By Dick Morris | New York Post Online Edition

11-16-05 | THE growth of leftist regimes throughout Latin America and their increasing links with the new axis of Cuba's Fidel Castro and Venezuela's Hugo Chavez poses a serious danger to the United States. The left is using revenue drugs and oil to offer voters in these young democracies an alternative to free markets and global economics.

It's leading to the eclipse of the democratic processes that these leftist forces are using to achieve power. Whether the peoples who follow their siren call end up like Cubans, with no elections, or like Venezuelans, with no rights, the end is not a good one.

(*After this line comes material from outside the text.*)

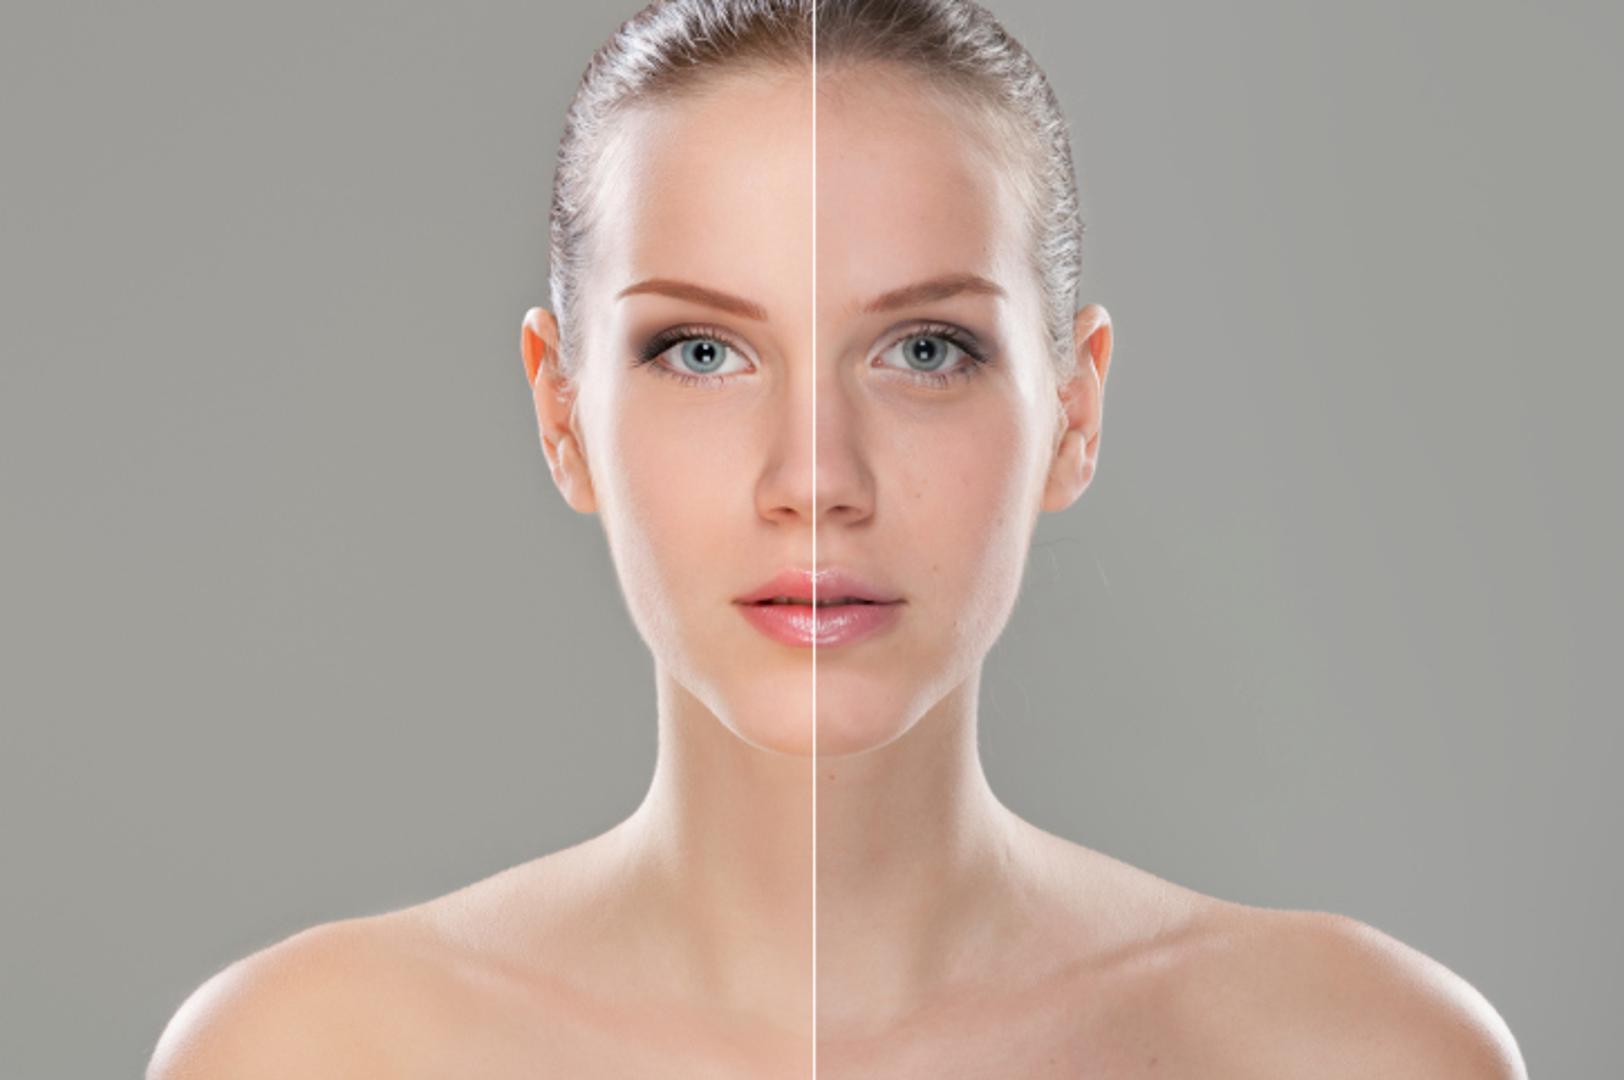 Dermatologinja Visha Skincare otkrila je zbog kojih to svakodnevnih navika koža može izgledati puno starije nego što je.

My wife Eileen and I have worked in 11 Latin American countries over the past decade — Mexico, Honduras, Costa Rica, the Dominican Republic, Venezuela, Bolivia, Colombia, Peru, Brazil, Uruguay, and Argentina. We watched a heartening embrace of democratic and free-market values spread through the continent in the wake of the collapse of the military dictatorships of the '80s. But now an anger at the failure of globalization to deliver improved living standards for the poor is leading to a leftist backlash.

In Argentina and Brazil, the leftist drift has remained wholly democratic and constitutional. Argentina's President Nestor Kirchner, who is retaining his popularity, and Brazil's President Luiz Inacio Lula, who is not, are each part of a democratic context and can be ousted by the will of their people at the ballot box.

But the Castro-Chavez ring offers a different brand of leftism, which overrides democratic norms and leaves a new form of authoritarianism in its wake. This impetus away from democracy might well sputter and die if left to its own devices, but with huge oil revenues pouring into Chavez' coffers, it is likely to accelerate and spread.

Chavez has increased his ties to the FARC, the revolutionary drug gang that infests Colombia's jungles. His growing links with the guerrillas have led Colombia's government — one of the most stable democracies in the hemisphere — to cut back relations with Venezuela in protest.

The deadly combo white cocaine and black oil threaten hemispheric stability.

The left has conspired to oust Bolivia's democratically elected pro-Western moderate President Gonzalo "Goni" Sanchez de Lozada and now has brought that poorest of countries to the verge of anarchy. Chavez is likewise moving to destabilize Peru as its elections approach — via Antauro Humala, like Chavez a former Army officer.

In Nicaragua, the old Sandinista faction, led by Daniel Ortega, is using its control of the military and of Congress to bully the elected government and make it a puppet of the left.

But it is Mexico that the Castro-Chavez threat is at its most dangerous. Andres Manuel Lopez Obrador, the Democratic Revolutionary Party candidate who was recently mayor of Mexico City, is the frontrunner in the elections set for next July. If this overt admirer of Castro wins office — and uses Mexico's vast oil wealth in concert with that of Venezuela — America could face an OPEC on its own borders of leftist regimes financed by our oil dependency.

Some of the leftist revival is due to the café society disapproval of the Bush administration that is sweeping the intellectual communities of Europe and Latin America. But much of it is powered by an oil- and drug-based alternative to free-market globalization. With these two sources of revenue, one licit and the other illicit, the left feels that it may have found a way to pay for an alternative to worldwide capitalism.

China has moved quickly to strengthen its links with Latin leftists and is seeking to supplant the United States as a prime market for hemispheric oil.

The U.S. answer to the left has got to be liberalization of our trade restrictions on Latin products and nations. The Democrats who almost killed the Central American Free Trade Agreement (CAFTA, ratified by one vote in the House) are doing nothing to help. But the Republicans — by protecting the American sugar, textile, steel, orange juice, and beef industries — are asking Latins live by free-market rules we don't apply to ourselves. These restrictive quotas and our massive farm subsidies (to largely wealthy farmers) combine to make Latin America and its poverty fertile ground for subversion and leftist infiltration.

With our trade barriers, oil dependency and cocaine use, America empowers its own enemies in its own hemisphere.